— What this task involves —
From the listing below, copy out every line where the word "with" appears.

— Data to examine —
---+---

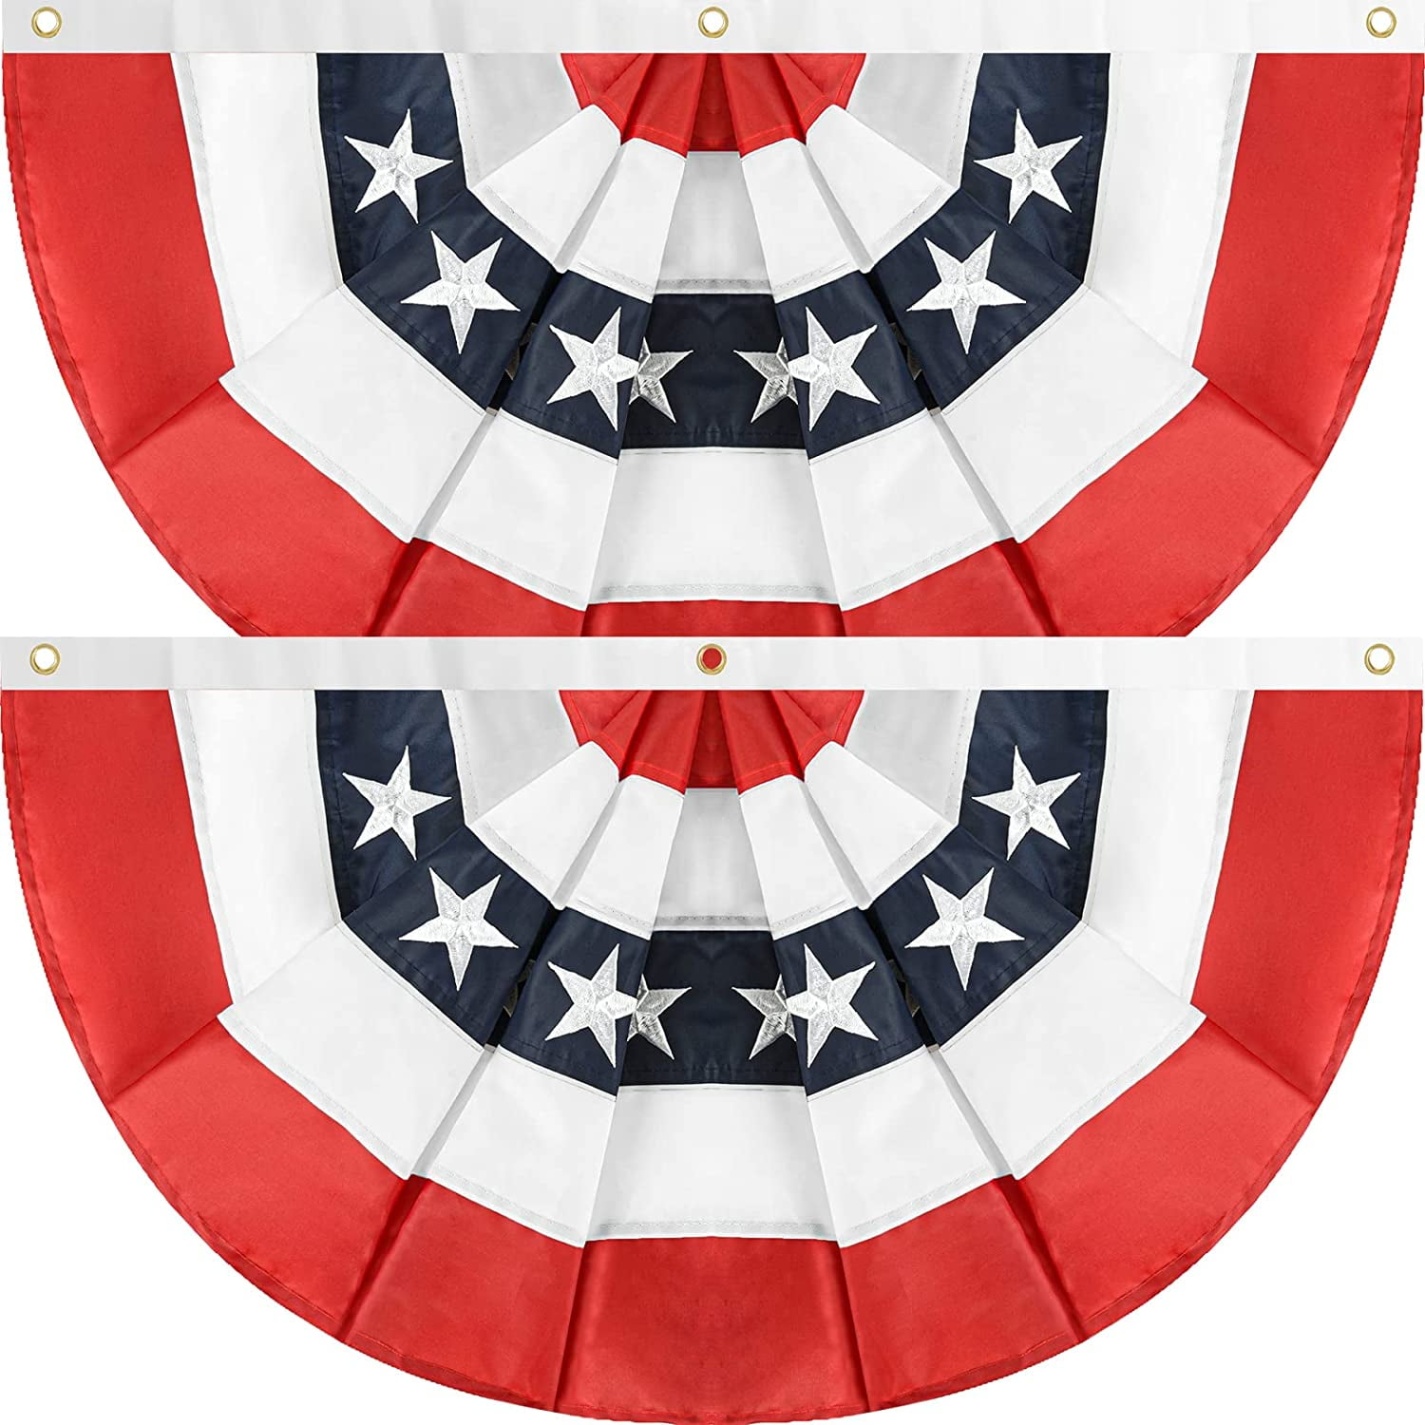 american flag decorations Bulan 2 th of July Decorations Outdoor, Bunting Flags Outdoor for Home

---+---

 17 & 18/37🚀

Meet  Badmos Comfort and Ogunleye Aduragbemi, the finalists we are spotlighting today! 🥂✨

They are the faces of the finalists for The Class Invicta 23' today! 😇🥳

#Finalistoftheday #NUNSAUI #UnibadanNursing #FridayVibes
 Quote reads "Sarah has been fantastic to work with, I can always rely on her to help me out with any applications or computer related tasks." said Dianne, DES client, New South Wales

---+---

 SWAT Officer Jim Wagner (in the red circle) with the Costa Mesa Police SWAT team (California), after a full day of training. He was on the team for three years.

---+---

— Expected output —
 Quote reads "Sarah has been fantastic to work with, I can always rely on her to help me out with any applications or computer related tasks." said Dianne, DES client, New South Wales
 SWAT Officer Jim Wagner (in the red circle) with the Costa Mesa Police SWAT team (California), after a full day of training. He was on the team for three years.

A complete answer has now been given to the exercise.